Le ricette sono suddivise per tipologia – torte, biscotti, dolci al cucchiaio, lievitati – e ognuna è pensata per essere replicabile senza stress: ingredienti chiari, passaggi essenziali, e varianti suggerite per adattarsi a ciò che hai in dispensa. E non è poco, in un’epoca in cui molti libri di cucina sembrano scritti più per essere fotografati che per essere usati.
Una menzione speciale va alla sezione iniziale, che non è solo un’introduzione, ma un piccolo manifesto: Caramelli spiega il perché delle sue scelte, elenca gli ingredienti alternativi con competenza ma senza accademia, e offre strumenti per “sentirsi liberi di provare”. Perché è questo il messaggio che passa tra le righe: fare dolci senza certi ingredienti non è una punizione, ma una possibilità. Non c’è imposizione, c’è apertura.

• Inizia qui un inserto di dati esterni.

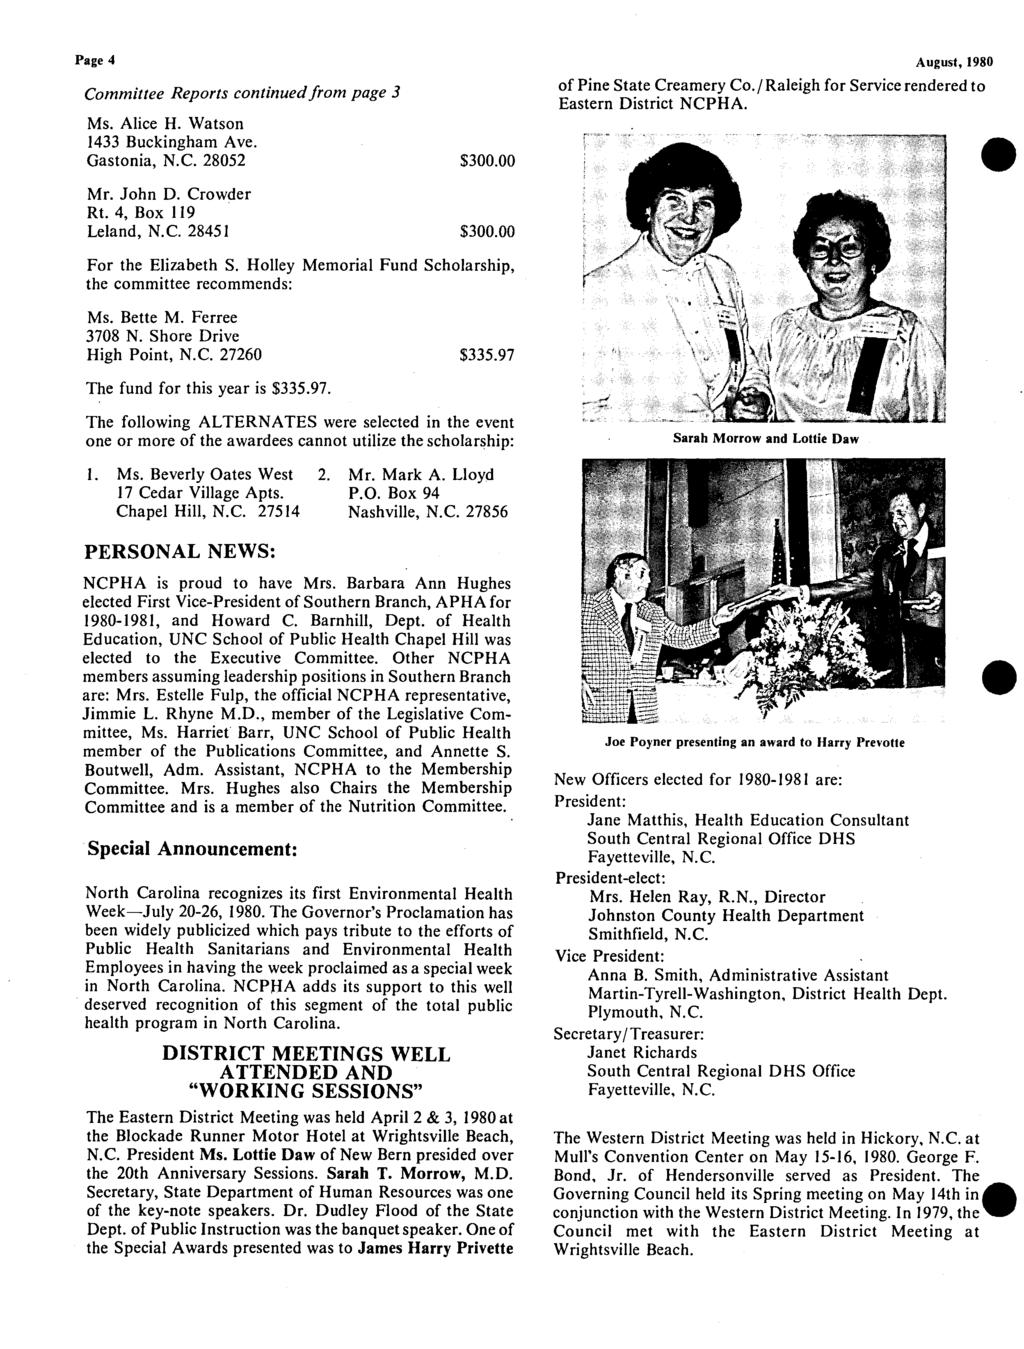 Page 4 Committee Reports continuedfrom page 3 Ms. Alice H. Watson 1433 Buckingham Ave. Gastonia, N. C. 28052 $ 300. 00 August, 1980 of Pine State Creamery Co.

Tra le ricette più riuscite c’è una torta di carote e mandorle che non ha nulla da invidiare a quelle della nonna, se non forse quel pizzico di burro che però viene dimenticato al primo morso. Oppure i biscotti con avena e cacao, perfetti per una colazione senza sensi di colpa e pieni di quel sapore “vero” che viene da ingredienti semplici ma ben accostati.
C’è anche una riflessione, implicita ma potente, sul nostro rapporto con il cibo. In un mondo di eccessi, dove spesso il dolce è o demonizzato o ingurgitato di nascosto, questo libro propone una terza via: quella del dolce consapevole, gentile, inclusivo. Non è poco. Soprattutto oggi, in cui allergie, intolleranze e scelte etiche rischiano di trasformare la tavola in un campo minato.
L’iconografia del libro – semplice, luminosa, senza fronzoli – accompagna con coerenza questa visione. Le foto mostrano il dolce com’è, non come dovrebbe essere: niente filtri, niente pasticci scenografici, ma crostate dorate, budini lucidi, muffin crepati come si crepano davvero quando escono dal forno.
I Miei Dolci Golosi Senza non è solo un ricettario per chi ha restrizioni alimentari. È una carezza per chi ha smesso di preparare dolci per paura di fare del male (a sé, agli altri, alla linea). È un abbraccio per chi vuole riscoprire il piacere di cucinare in modo etico, semplice e buono. È un libro da tenere in cucina, ma anche da regalare, come si regalano le buone idee. O come si fa con un biscotto, appena sfornato, passato di mano in mano, senza nulla… tranne l’essenziale.